Just then Jaime Carbajal’s voice came from behind them, from the far side of the road opposite where he had disappeared into the culvert. “I may have found something after all. Look at this.”
As the three people on the road turned to look, Jaime materialized at the far end of the culvert holding three plastic milk cartons aloft. Two were empty. One still contained a quart or so of water.
“UDAs?” Joanna asked.
“I think so,” Jaime replied.
“But they could have been through here anytime. There’s no way of saying they were here last night, is there?”
“Don’t be so sure about that,” the detective answered. “One of the handles is stained with something that looks a whole lot like blood. I wouldn’t be surprised if it matches up with our victim’s.”

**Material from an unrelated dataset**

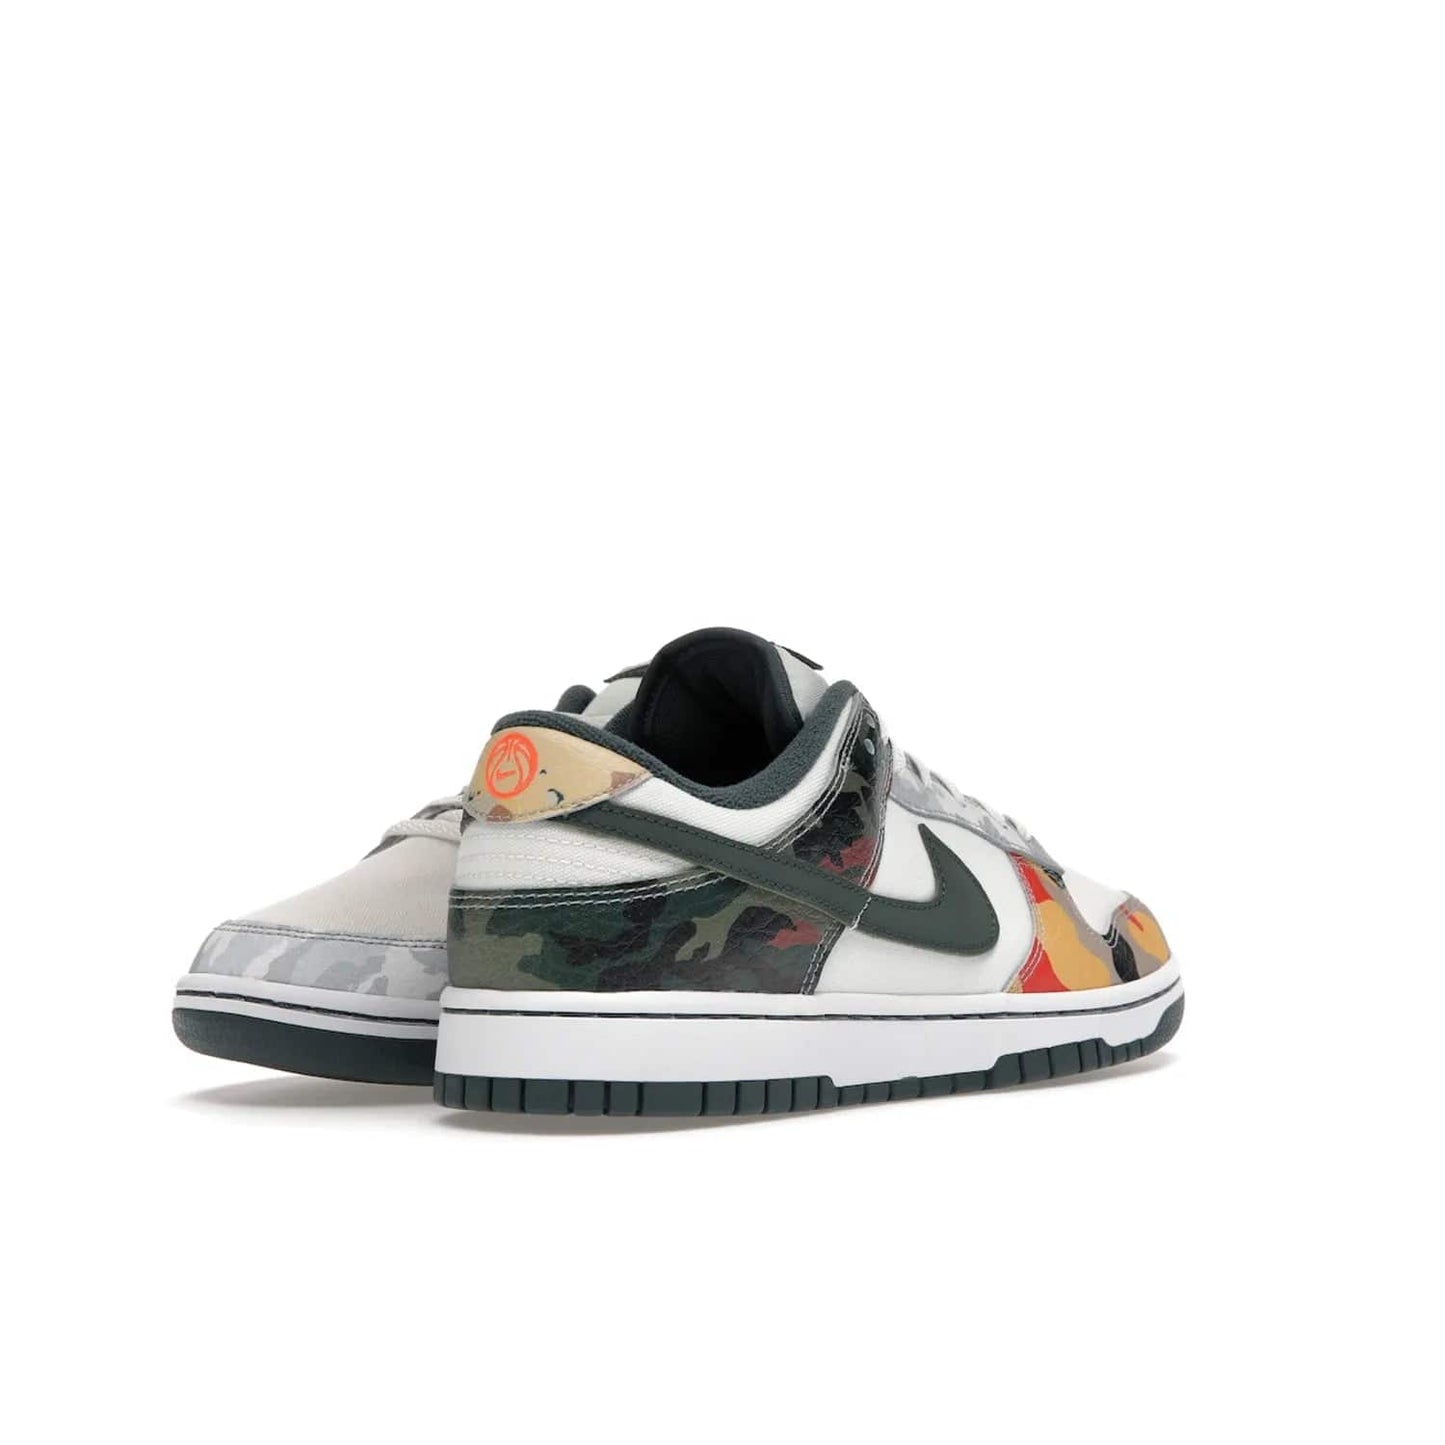 Nike Dunk Low SE Sail Multi-Camo - Image 32 - Only at www.BallersClubKickz.com - Classic design meets statement style in the Nike Dunk Low SE Sail Multi-Camo. White leather base with multi-color camo overlays, vibrant Nike Swooshes, and orange Nike embroidery. Get yours August 2021.
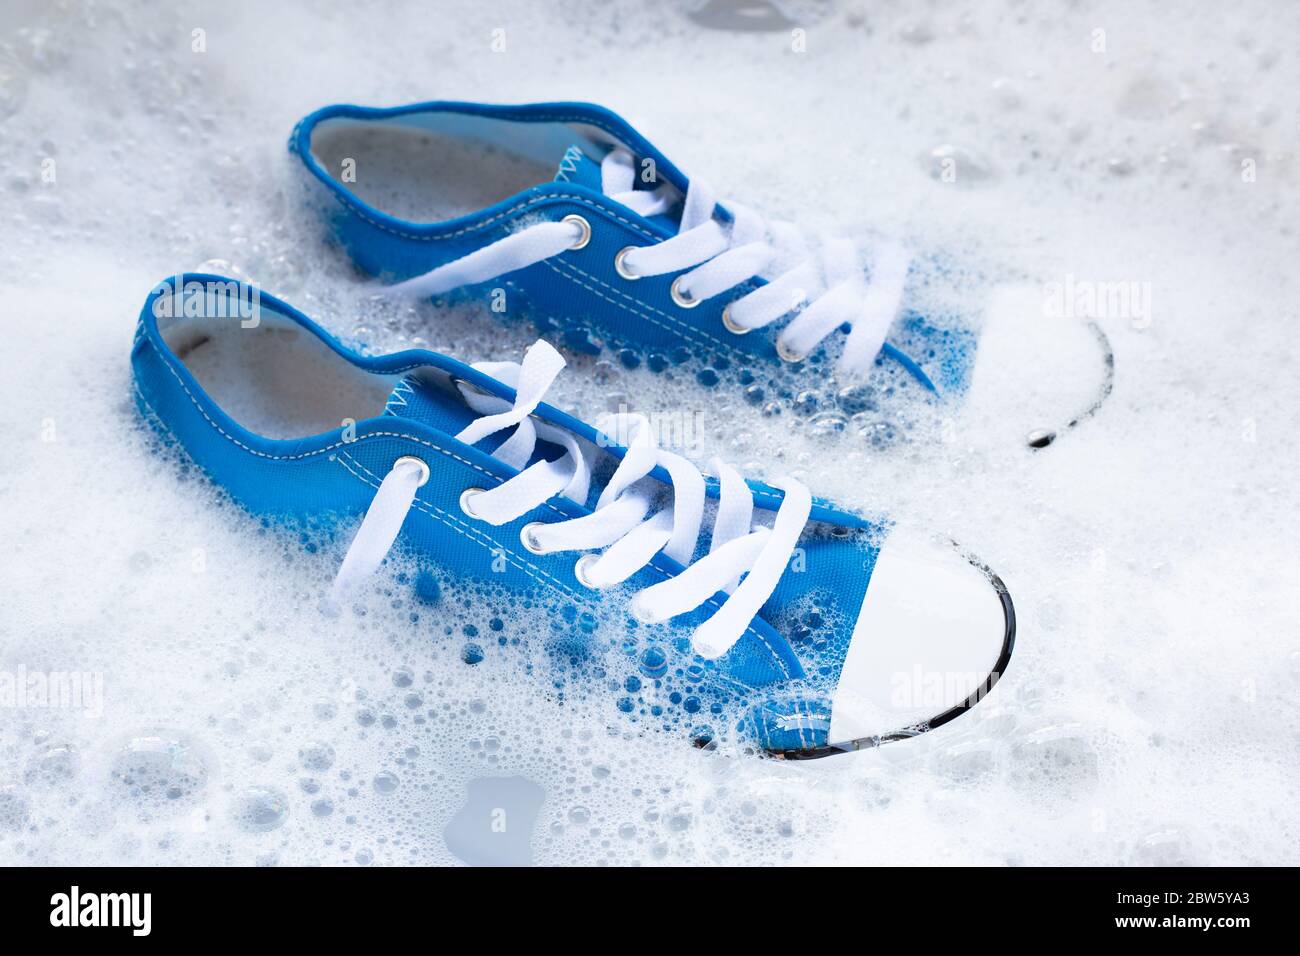 Soak shoes before washing. Cleaning Dirty sneakers Stock Photo - Alamy

Joanna found the very suggestion chilling. In recent years the steady stream of undocumented aliens coming north from Mexico had turned into a vast flood, one that threatened to overwhelm the resources of local law-enforcement jurisdictions and of the Immigration and Naturalization Service as well. Increased enforcement in one place only caused the flow to move to some other likely crossing point. It seemed to Joanna that as soon as INS officers plugged one hole in the border fence, another opened up a mile or two away.
In the past few months, the UDA crisis had gone from bad to worse. Recently the number of illegals apprehended in rural Cochise County rivaled those captured in San Diego, with far fewer officers and far less money available to deal with the problem. As the number of illegals increased, a vocal group of ranchers whose properties lay on the most traveled routes had been raising a call to arms.
Several isolated ranch owners had been victims of unsophisticated burglaries. They complained that cattle had died after ingesting abandoned plastic bottles that the illegals used to carry life-sustaining water as they walked across long stretches of unforgiving desert. Ranchers reported that faucets on stock tanks had been left open, allowing precious water to drain out, that fences had been cut down, allowing livestock to stray onto roads and highways, and that their properties were littered with human waste. Several of the most vociferous of the frustrated cattlemen had threatened to take the law into their own hands. Their position was that if the government couldn’t be counted on to protect them from foreign invaders, the ranchers would do so themselves and round up any illegal found trespassing on their land.
Joanna knew that she was dealing with an extremely volatile situation, one already rife with threats of vigilante justice. She dreaded what might happen once news of this incident was made public. The specter of armed illegals preying on lone women motorists along deserted stretches of highway might well ignite a whole new style of range war. It wasn’t difficult to see how this added element of fear might provoke a few rabid individuals into shooting first and asking questions later.